When the ice began at 5,650m, it was probably the most atrocious ice I had encountered in my life. Like the rock, it was dry, crumbly and steep, a type where you couldn’t trust to arrest yourself in the event of a fall. If the British Army had designed this mountain as an assault course, they couldn’t have done a better job. I expected at any moment to come across a cargo net. In the darkness it felt dangerous, but we pressed on. We would have to worry about the descent when the time came.

The steepness and crappy ice conditions were relentless, but daylight’s arrival at six o’clock offered a measure of relief. Now I could see how dry the glacier was. It must have been a few weeks since it last snowed, and the powdery surface was like grey ash. I couldn’t recall ever having seen such dry snow. The clouds were far below us, and the twin summits of Iliniza appeared on the horizon to our left. Chimborazo’s summit cast a vast shadow across the Gran Arenal behind us.

We crossed a nasty section of penitentes as we approached the Veintimilla summit. These ice stalagmites are so-named because they are supposed to resemble a procession of penitent monks. They come and go with the seasons, and are formed by the action of sun and wind on newly fallen snow. Contrary to their name, they are far from penitent. They stood in our way like a troop of doormen at a nightclub, refusing you entry because you’re wearing the wrong shoes. My La Sportiva boots were bright yellow, which wasn’t promising.

‘You’re having a laugh – you can’t come in here with those on your feet,’ I heard one of them say to me. Or did I imagine it?

Most of the pinnacles extended well above our heads, and the passages in between were narrow. We frequently had to climb up onto ledges to find a way across into parallel passages – awkward when tied to teammates.

It was tiring work, but just before 7.15 we met a team coming the other way. This is always an encouraging sign on a busy mountain, as it usually means that you’re not far from the top.

Their guide congratulated us on our successful ascent.

‘He’s a bit premature, isn’t he?’ I said to no one in particular as we continued past them.

A few moments later, we stepped onto the Veintimilla summit.

Chimborazo’s second summit was not very obvious. The ice dropped slightly on the other side to a dip that you might describe as a saddle, but it was only a few metres, and it rose again to the obvious higher point of the Whymper summit a short distance away.
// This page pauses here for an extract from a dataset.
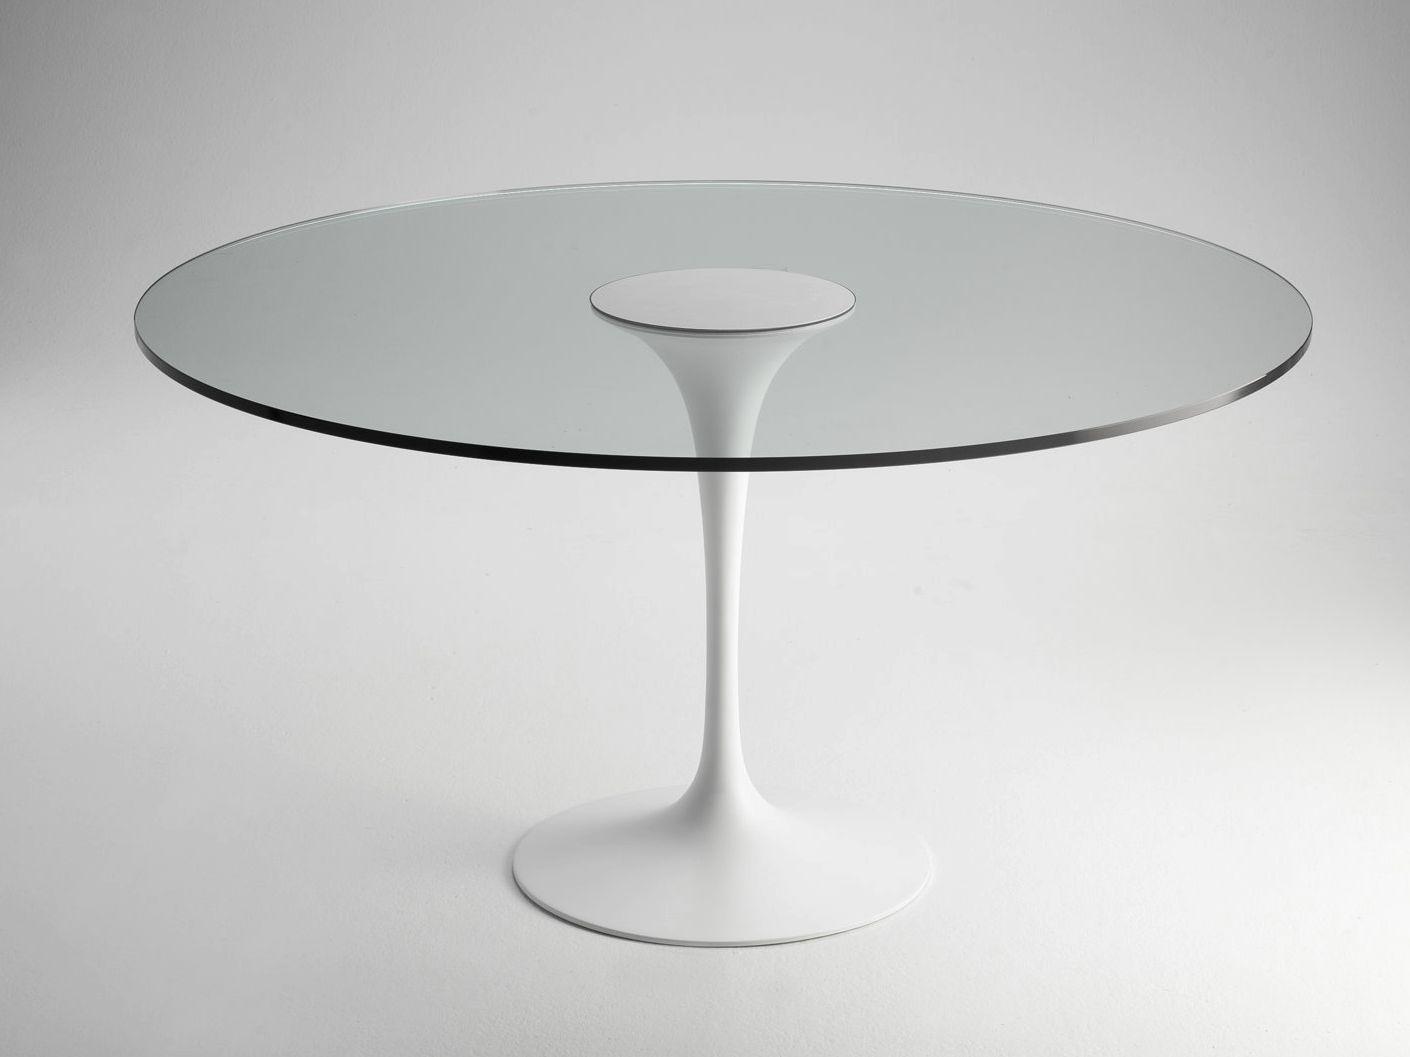 Round Steel Coffee Table Sa59 1 Sofas Collection By Matrix International Design Eero Saarinen Round Coffee Table Table Glass Top Table [ 1057 x 1410 Pixel ]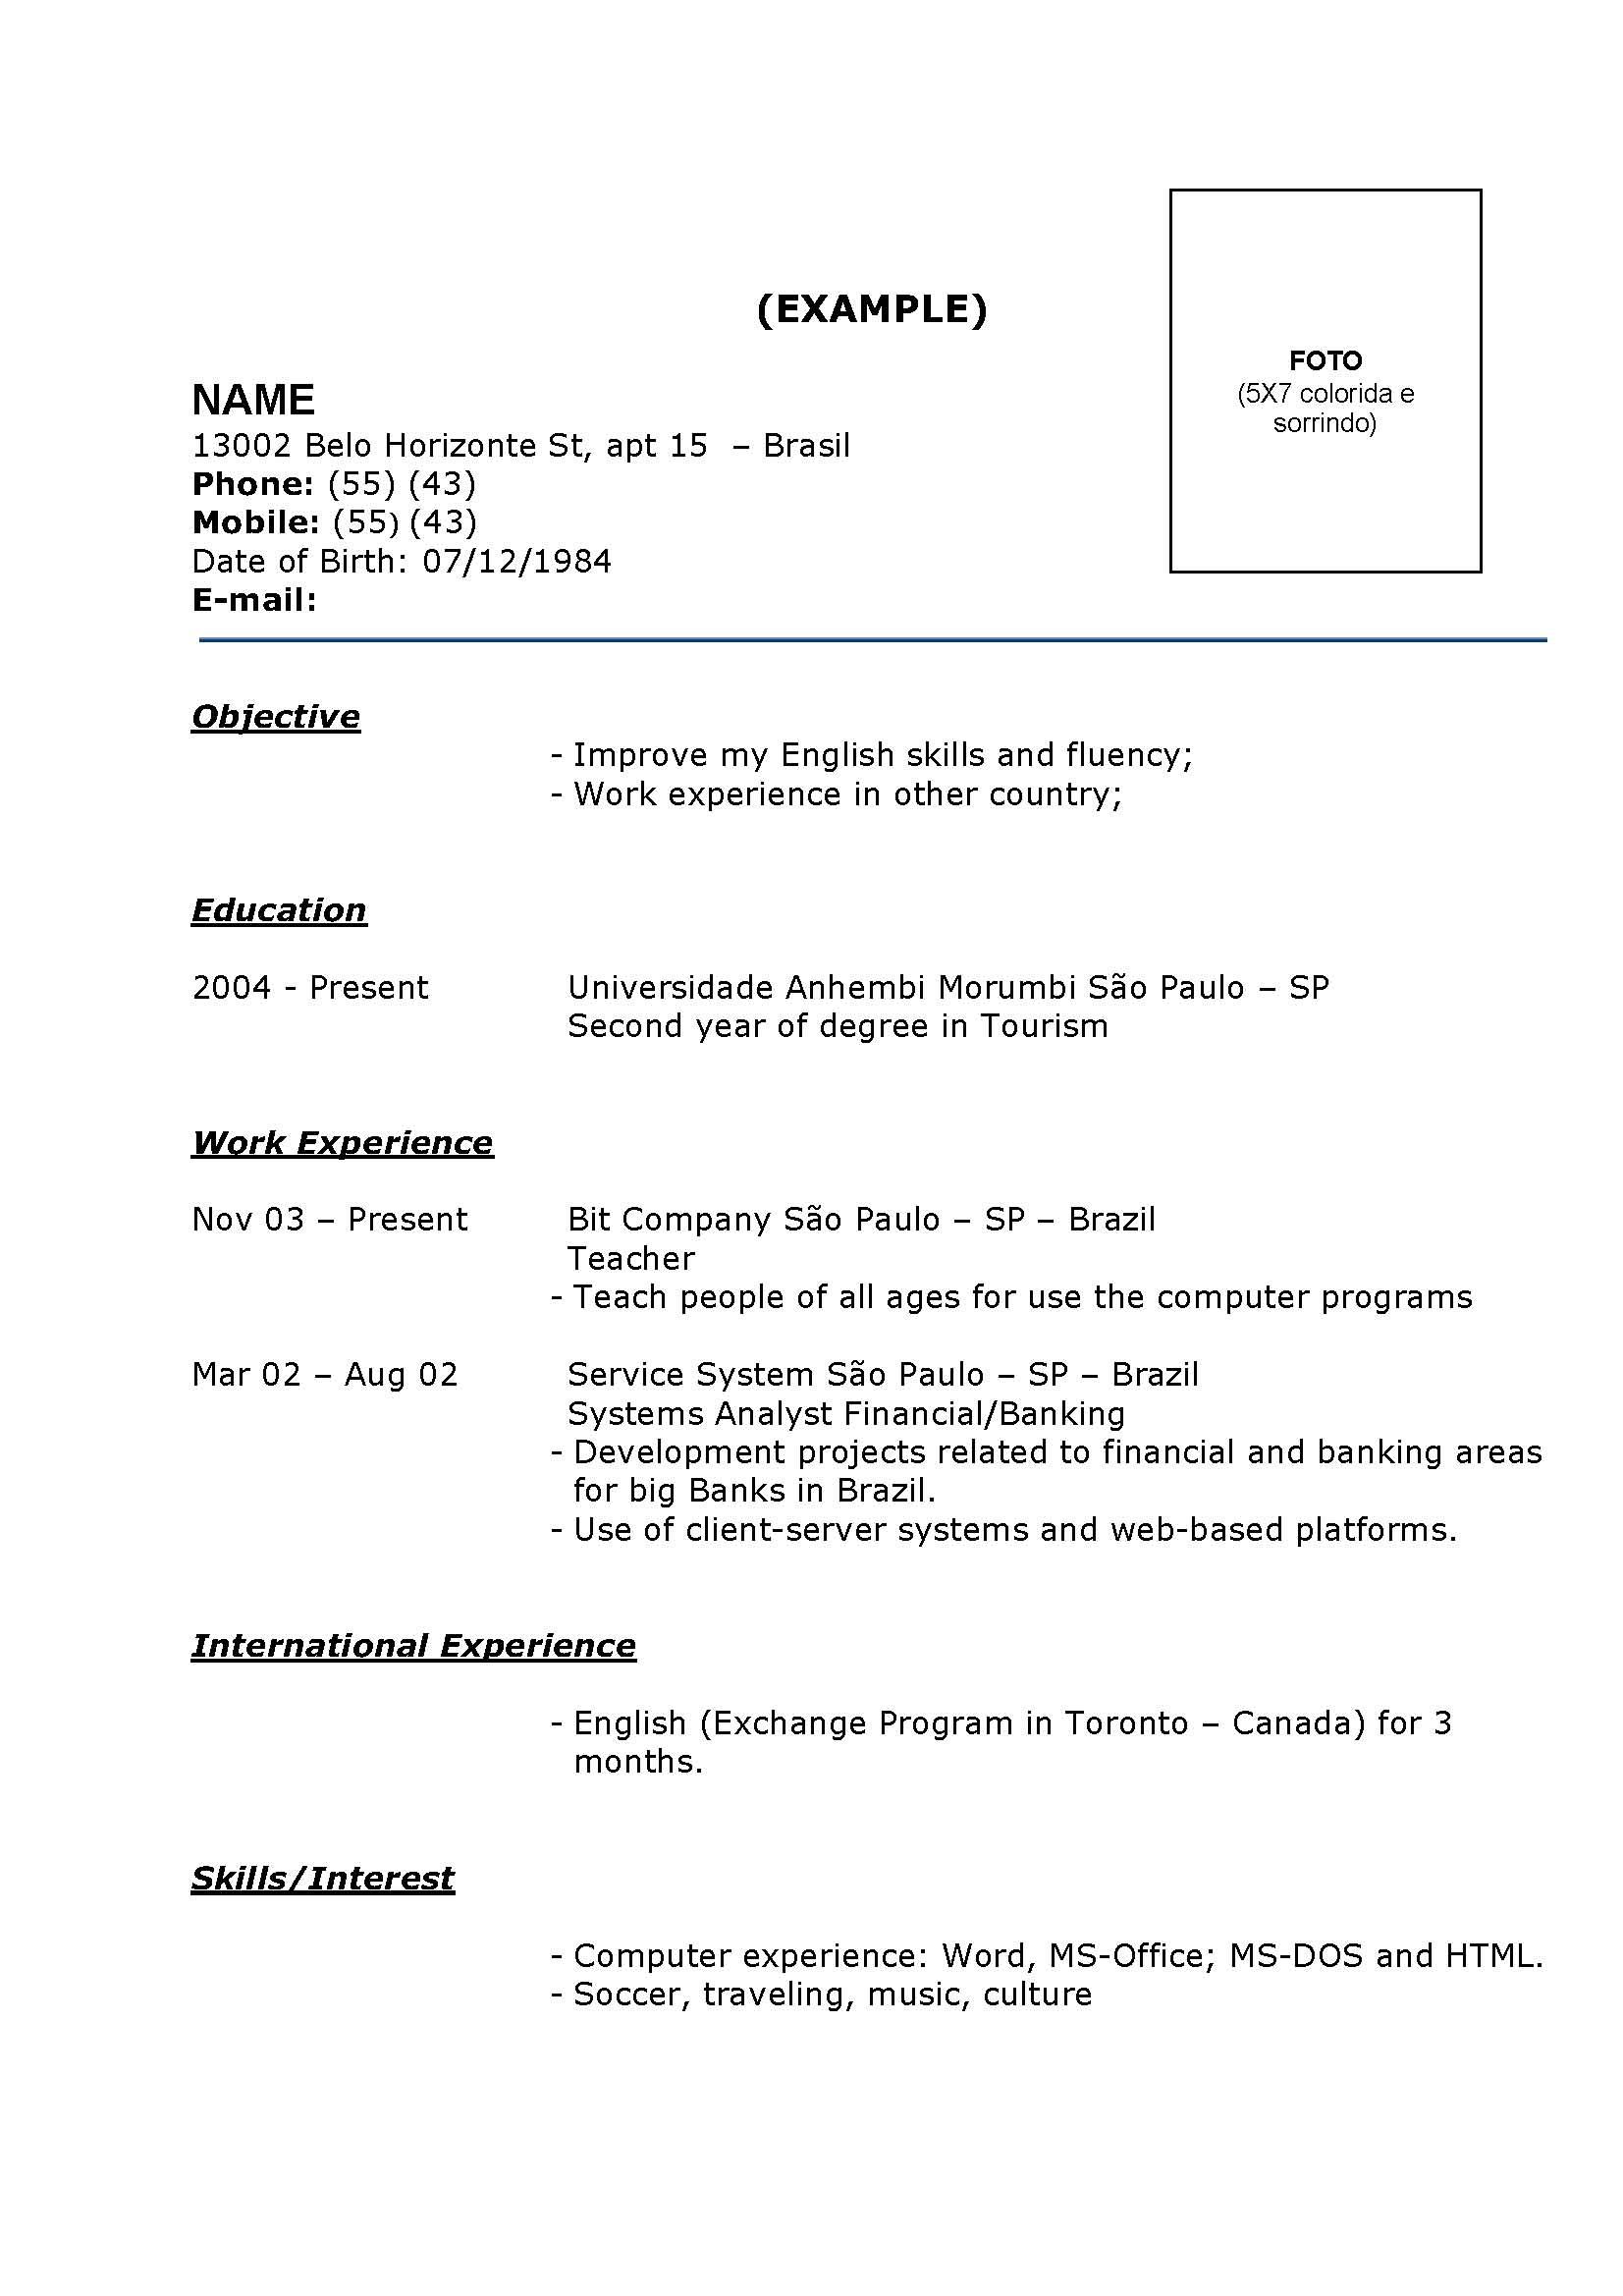 Modelo De Currículo Pronto Exemplos Grátis

There was a magnificent view north to the three distinct volcanic cones of Cotopaxi, Cayambe and Antisana rising in a line above the clouds. Cayambe – where we had stood two days earlier – was the more distant, peeping timidly between the other two.

Photo Stefan Weigel

The impenetrable maze of penitentes covered both summits completely. I was already worn out, and I hoped the trail to the main summit would be easier than the approach to the Veintimilla.

We stopped for a rest. Another rope team arrived, and again the guide held his hand out to congratulate me.

I must have looked bemused. ‘But we’re not there yet,’ I said.

The guide turned around and walked away from his group.

‘What’s going on?’ I said to Romel. ‘Why is everyone congratulating us? The ref’s not blown his whistle yet. The summit’s over there.’

I pointed to the Whymper summit, a black shadow curving above the penitentes field.

‘Most people are stopping here,’ he said.

‘But why?’

He let out a short burst of laughter, more like a cackle.

‘You guys are the strongest people here. It’s OK. Have a snack and then we will continue. It’s not going to be easy.’